[Samba] Setting permissions on AD member file server
pgoetz at math.utexas.edu
Tue Mar 15 13:58:00 UTC 2022
On 3/14/22 17:41, Gregory Sloop via samba wrote:
> I've had a little time to tinker and one thing I've found.
> Unless I have [acl_xattr:ignore system acls = yes] set, I can't edit permissions at all.
> (I set it globally, though a share level setting would probably work on a per-share basis.)

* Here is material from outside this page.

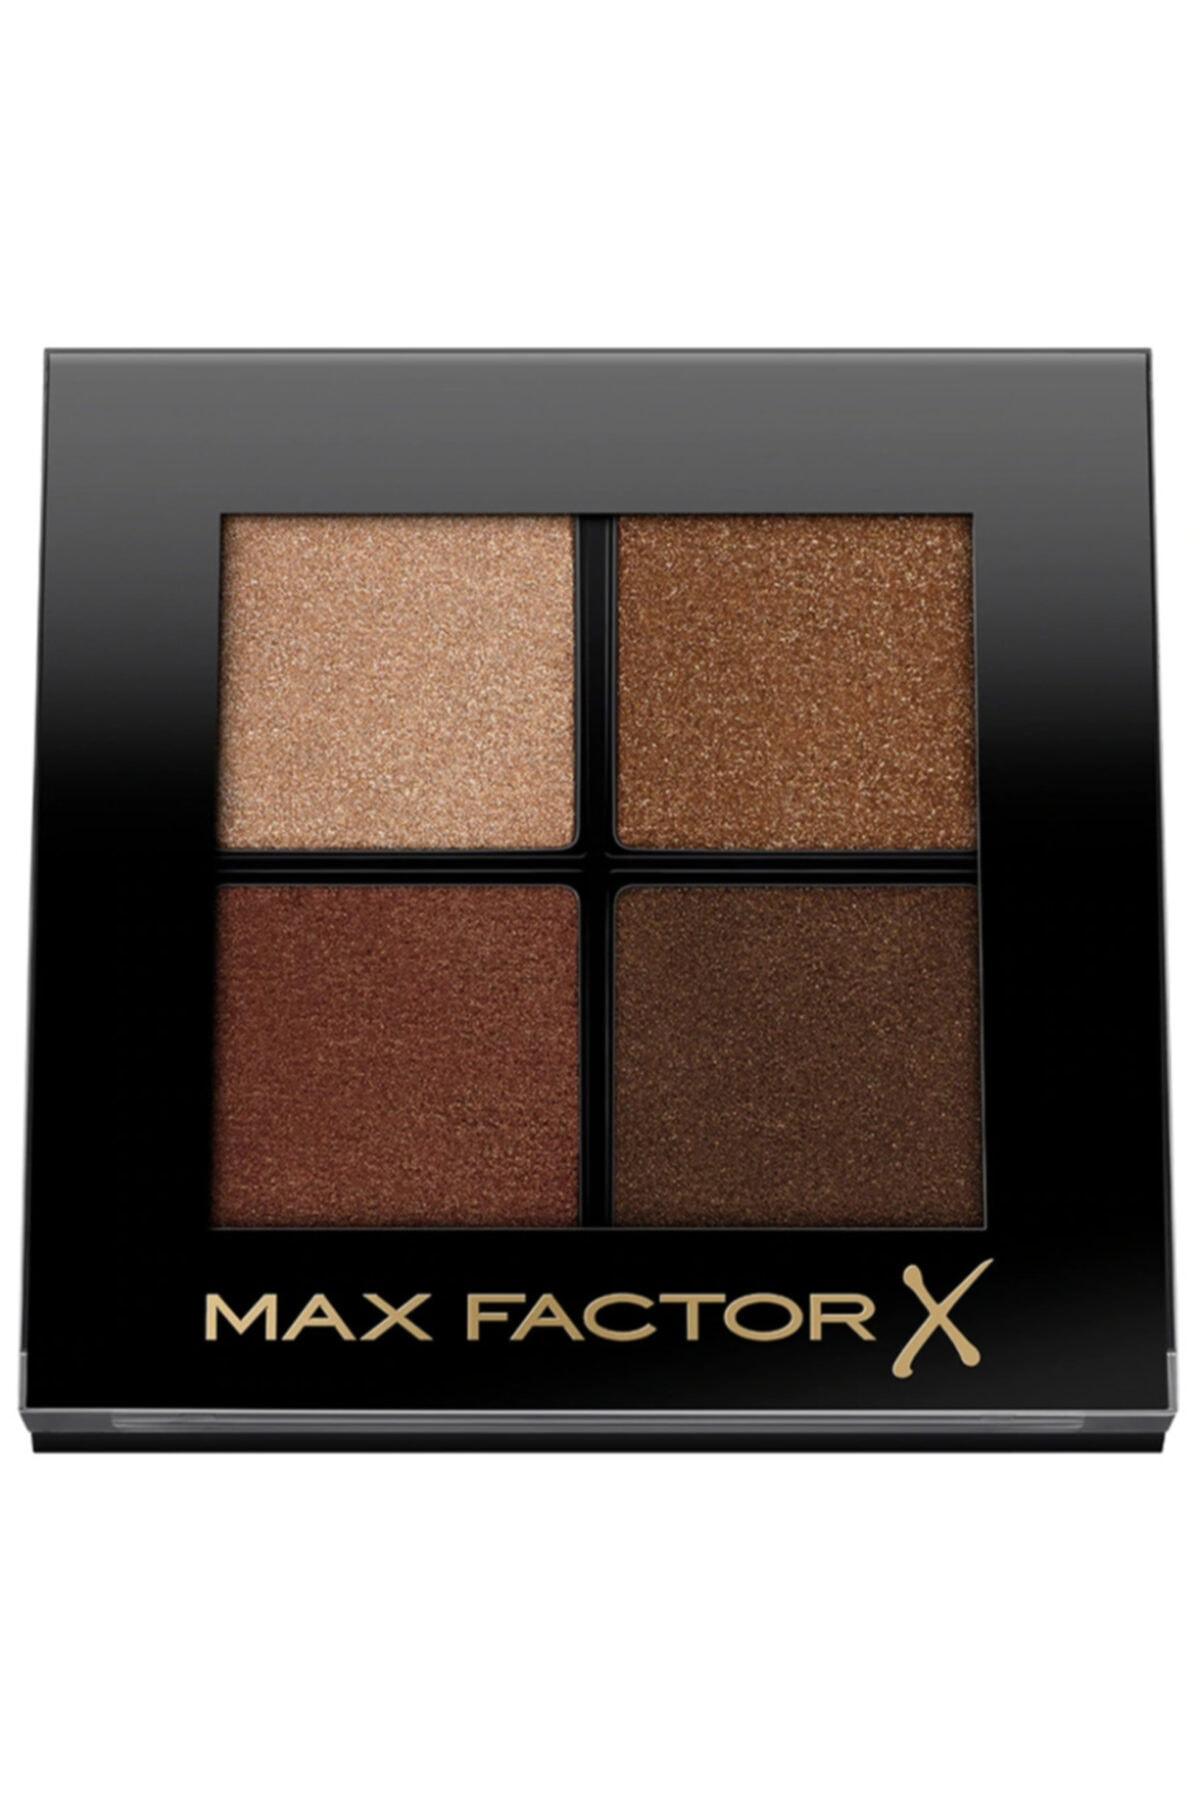 Max Factor Color X-pert Soft Touch Palette Bronze Göz Farı Paleti 04 Veiled 1

There must be another issue here. I have:
vfs objects = acl_xattr
map acl inherit = yes
store dos attributes = yes
set in smb.conf and most certainly can edit permissions from Windows,
although this has also failed in some cases for reasons I haven't been
able to pinpoint (but am guessing is related to the long path issue).
> This seems to be a quasi-sideeffect of that setting - in short that setting overwrites/resets the posix permissions. (Provided I understand discussions I've seen about it.)
> In this case the share will only be used by Windows users via CIFS/Samba - so this may well "work" just fine and as a happy side-effect, make the problem vanish.
> But I'd guess it's not really the "correct" fix.
> To that end, what would be the best way to reset the permissions on the directories/files properly, removing all the Samba ACL's etc? Once they are set as a baseline in POSIX then we can tinker with Samba ACL's with the Windows permissions again. (And remove acl_xattr:ignore system acls = yes)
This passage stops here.